Talvez por ter morrido, ainda
mais assassinado, o que sempre
leva a abrandar as análises que se
fazem postumamente, há estudiosos de prestígio que concedem
que Fortuyn não é exatamente da
mesma estirpe.
"Ao ser gay e ter como seu segundo João Varela, negro originário de Cabo Verde, [Fortuyn] representa uma nova extrema direita, mais complexa do que a de Le
Pen", escreve o cientista político
Andrés Ortega, do jornal espanhol "El País".
Piedade póstuma à parte, o fato
é que as propostas e o comportamento de Fortuyn de fato são diferentes das de Le Pen: ao contrário do francês, por exemplo, ele
não pregava a expulsão dos imigrantes, mas o fechamento das
fronteiras a novos imigrantes.
Sua prática parecia coerente
com a retórica: além de ter como
segunda da lista um imigrante cabo-verdiano, incluiu nela uma
apresentadora de TV nascida no
Suriname, a antiga colônia holandesa ao norte do Brasil.
Mesmo seu ataque ao islã parecia menos um preconceito e mais
uma resposta a um preconceito,
pelo menos segundo o exposto
por um imã (líder religioso) holandês, que comparou homossexuais a "porcos".
De todo modo, é difícil rotular a
plataforma de Fortuyn. Além disso, é inútil: ela, a rigor, morreu
com ele, porque se tratava de uma
série de frases contundentes não
consubstanciadas em um programa de governo.
O eixo do discurso é de extrema
direita, ao vincular crime e imigração. Mas é, de todo modo, o
que está sendo feito em toda a Europa, até por líderes que não sofrem restrições do ponto de vista de credenciais democráticas.
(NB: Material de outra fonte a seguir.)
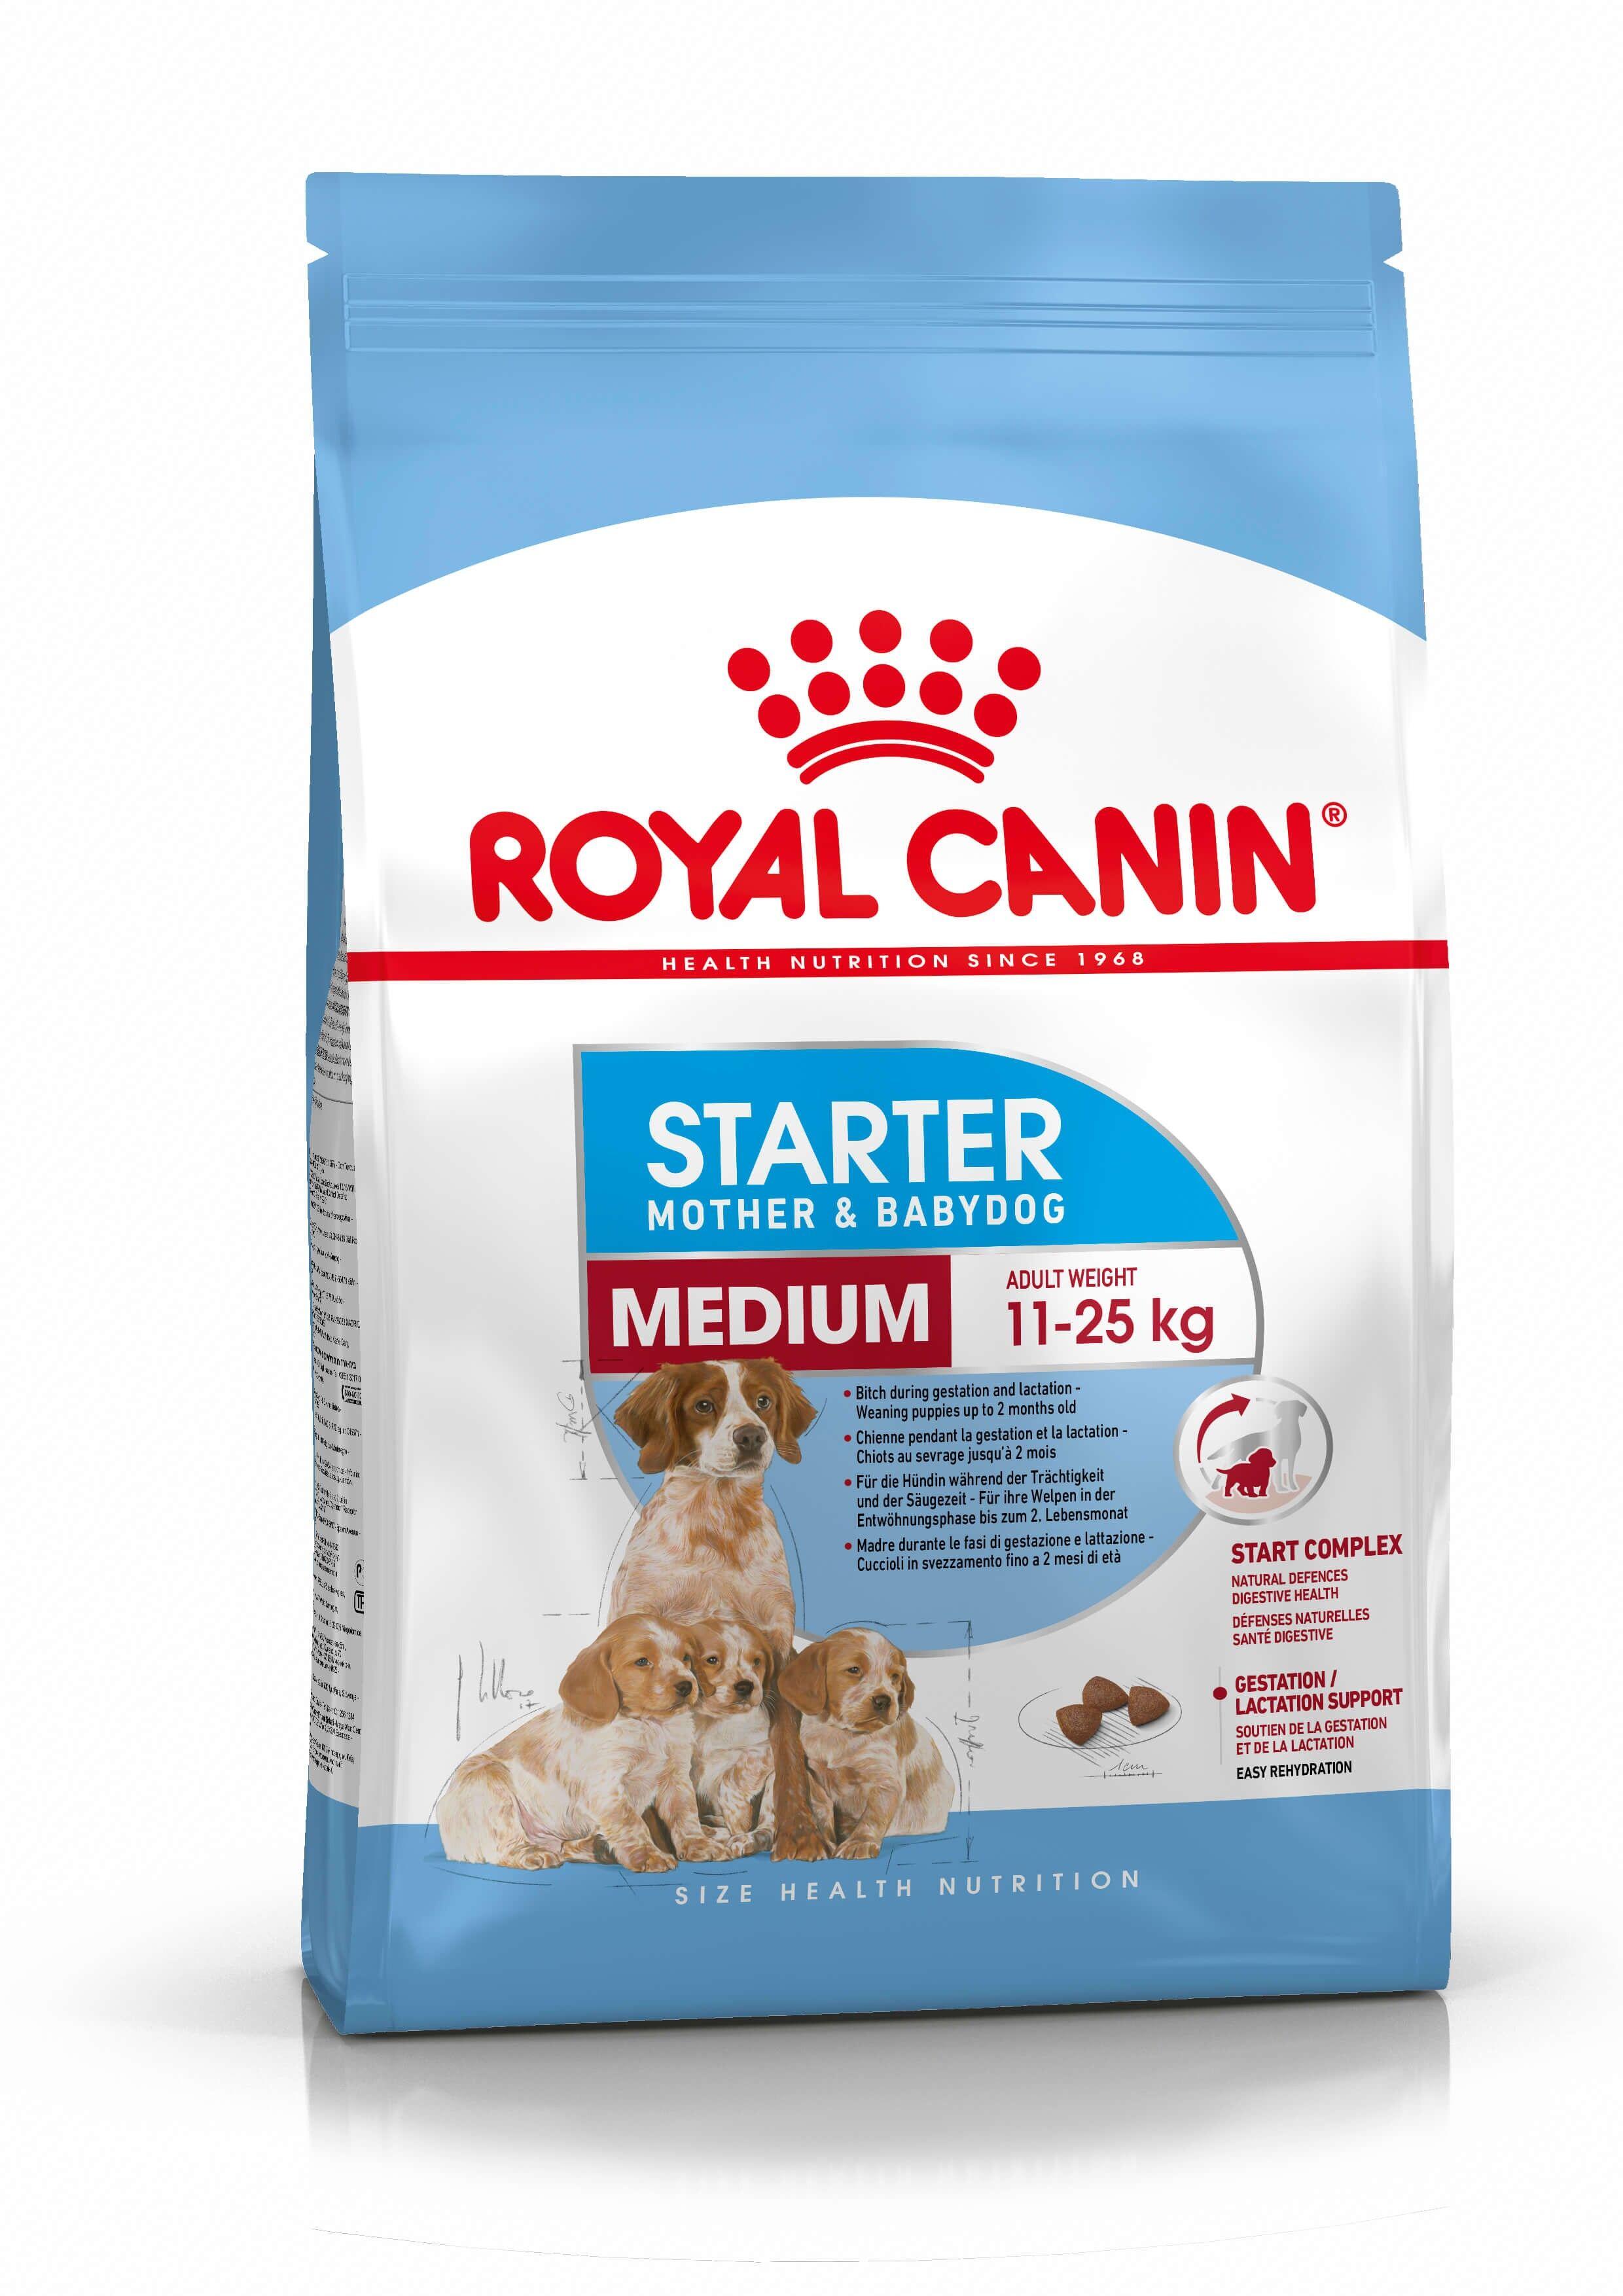 Royal Canin Size Health Nutrition Royal Canin Medium Starter Mother and Babydog 12 kg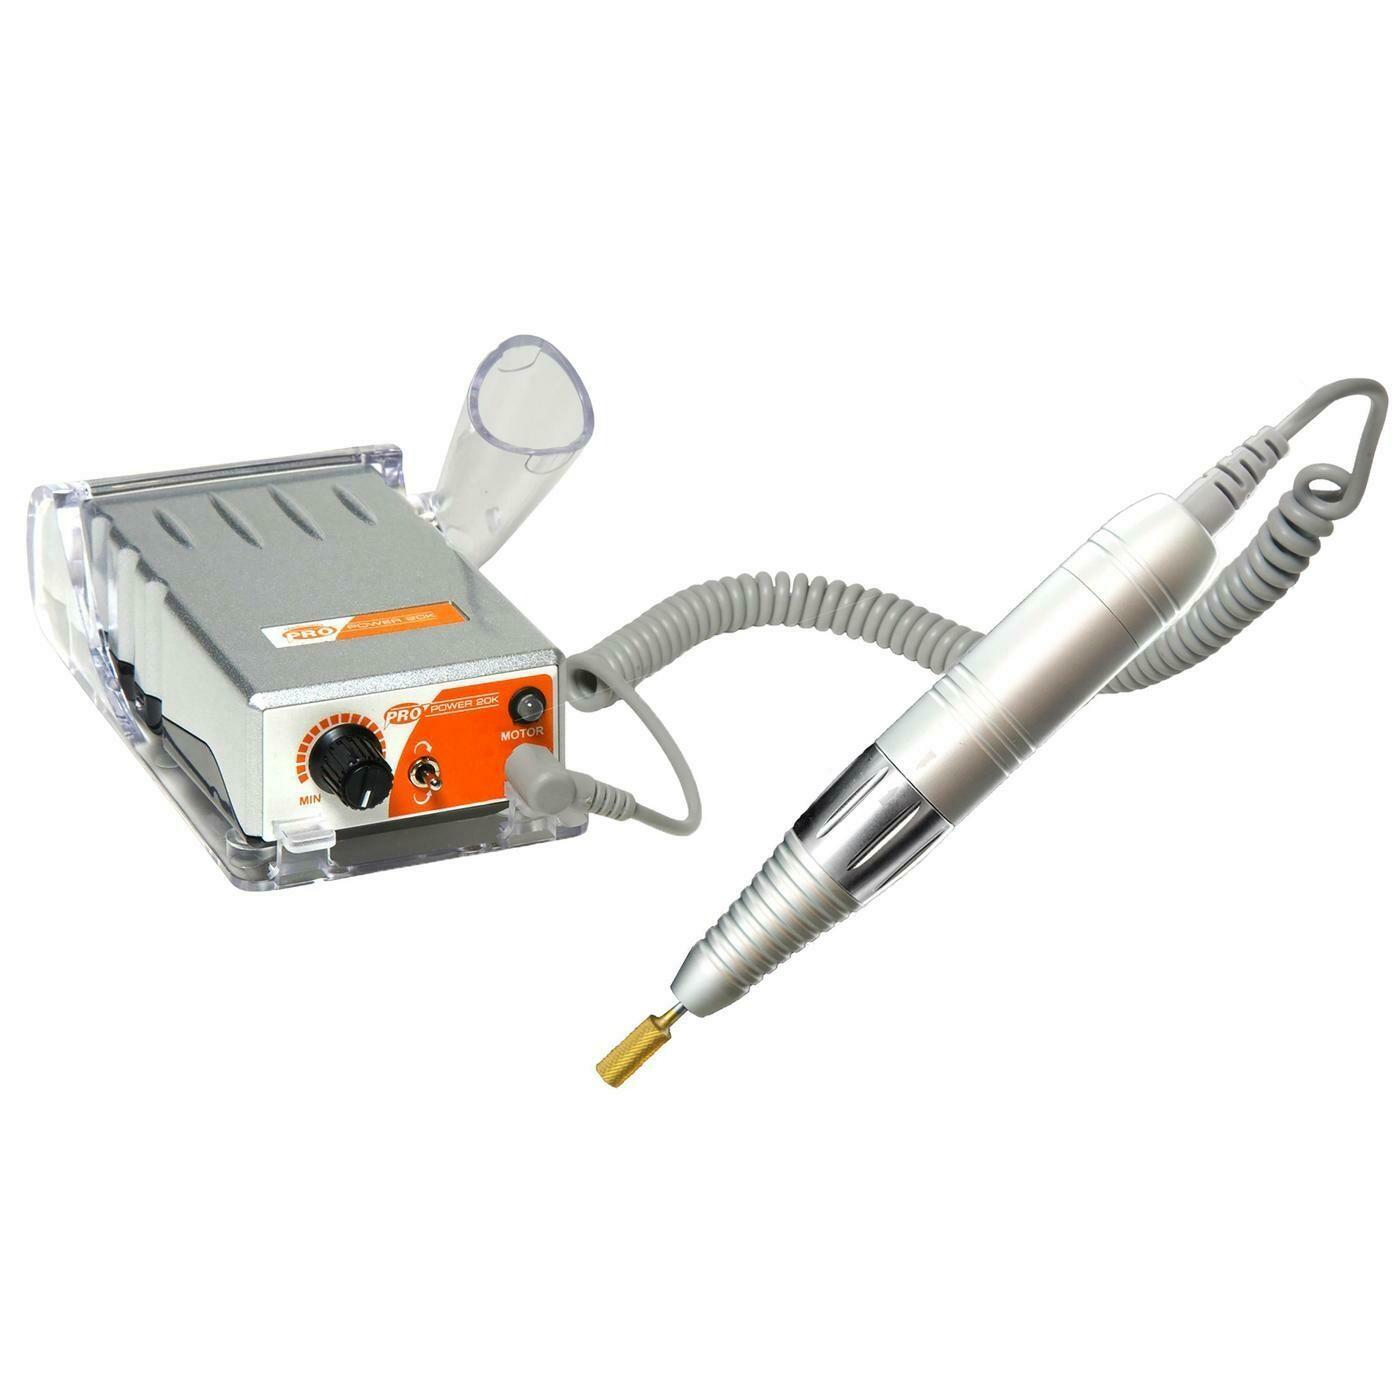 [Medicool] Pro Power® 20k Professional Electric File

É o caso, por exemplo, de José María Aznar, o primeiro-ministro espanhol, que acaba de dizer que 89% dos presos preventivamente na Espanha, no primeiro
trimestre do ano, são imigrantes
de fora da União Européia.
"O controle da imigração e a adaptação dos que chegam às sociedades receptoras e destas à nova situação está se tornando o maior desafio para a Europa nesta década", diz Andrés Ortega.
Desafio admitido até pelas potenciais vítimas de Fortuyn, os
imigrantes na Holanda (10% de uma população de 16 milhões).
"Até vamos sentir saudades dele, porque levava a público o medo de muitos holandeses, o que, por fim, nos permitia falar do assunto", disse a "El País" Mohamed Sini, o marroquino que preside o grupo "Islã e Cidadania".
Um medo que toma forma de números fortes, difundidos durante as campanhas eleitorais: no ano 2015, metade dos habitantes de Amsterdã, Roterdã, Haia e Utrecht, as quatro maiores cidades holandesas, será de estrangeiros, 80% deles muçulmanos.
Não é preciso ser de extrema direita para notar que se trata de um
tema que não pode ficar longe do debate público.